Former Liberian rebel general allegedly settled in South Jersey by lying on immigration documents

Laye Sekou Camara, 43, was a leader of Liberians United for Reconciliation and Democracy, a group which fought in the West African nation's second civil war. He first came to the U.S. in 2011 and received a green card the following year.

Investigations Liberia
Liberian War Criminal Thom Carroll/for PhillyVoice

Laye Sekou Camara, 43, of Mays Landing, has been arrested and charged with using an immigration document obtained through fraud. Authorities allege he lied about his past as a general in a rebel group which committed war crimes.

A Liberian man allegedly hid his past as the leader of a rebel group which used child soldiers to immigrate to the U.S. and settle in the Philadelphia area.

Laye Sekou Camara, 43, of Mays Landing, has been arrested and charged with using an immigration document obtained through fraud, prosecutors announced this week.

Authorities say he was a general in the rebel military group Liberians United for Reconciliation and Democracy. That's one of the organizations which tried to overthrow the West African nation's then-President Charles Taylor during the country's second civil war, which started in 1999. The first civil war started in 1989 and ended in 1997.

Both conflicts were defined by their brutality. There were many war crimes and atrocities committed, including some carried out by Camara's group, prosecutors say. This included the recruitment and use of child soldiers.

A photo of LURD rebels which included Camara was published in the New York Times in 2003, the Courier Post reports.

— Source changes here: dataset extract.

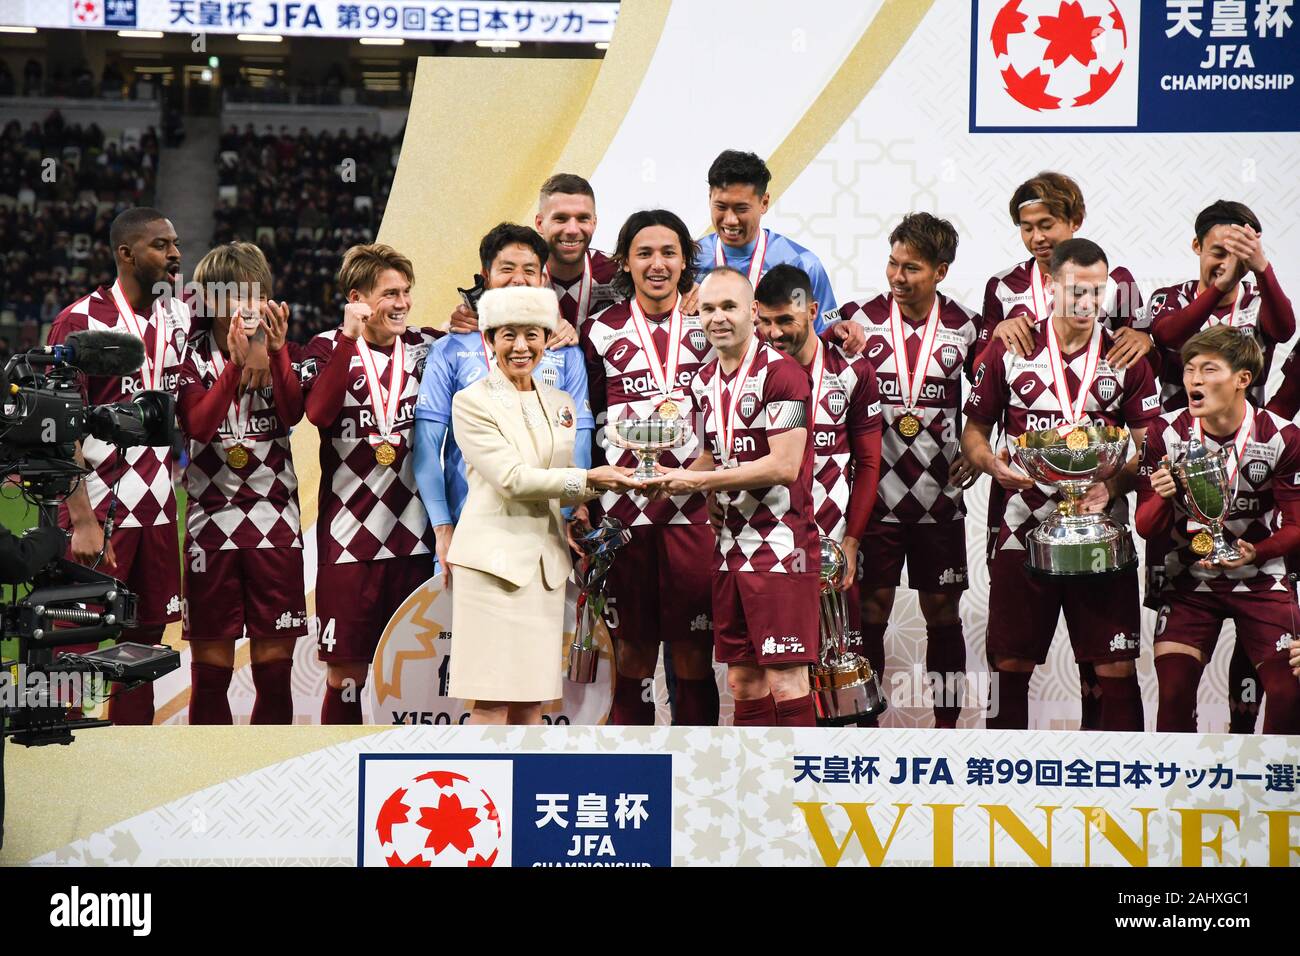 Tokyo, Japan. 1st Jan, 2020. Princess Takamodo presents the trophy to Vissel Kobe soccer team capitan Andres Iniesta during the Emperor's Cup 99th Japan Football Association Championship awards ceremony. The game was held at the stadium that will serve as the main venue of the Tokyo 2020 Olympic Games. Photo taken onã€€Wednesday January 1, 2020. Photo by: Ramiro Agustin Vargas Tabares Credit: Ramiro Agustin Vargas Tabares/ZUMA Wire/Alamy Live News Stock Photo

Around that time, a U.S. ambassador also remembers having direct contact with him. He knew the general as "Dragon Master."

By the time the war ended in 2003, Camara was reportedly in hiding after he killed another general from his army.

He applied for a non-immigrant visa to come to the U.S. in June 2011, which he was granted. But Camara allegedly lied to officials when asked if he had been a member of an insurgent organization or participated in any political killings or other violence.

In an application for a green card filed a year later, Camara allegedly lied about having never recruited or used child soldiers.

It was approved, and he used this document, which was allegedly obtained fraudulently, as evidence of his immigration status when he needed to get an ID from PennDOT in 2017.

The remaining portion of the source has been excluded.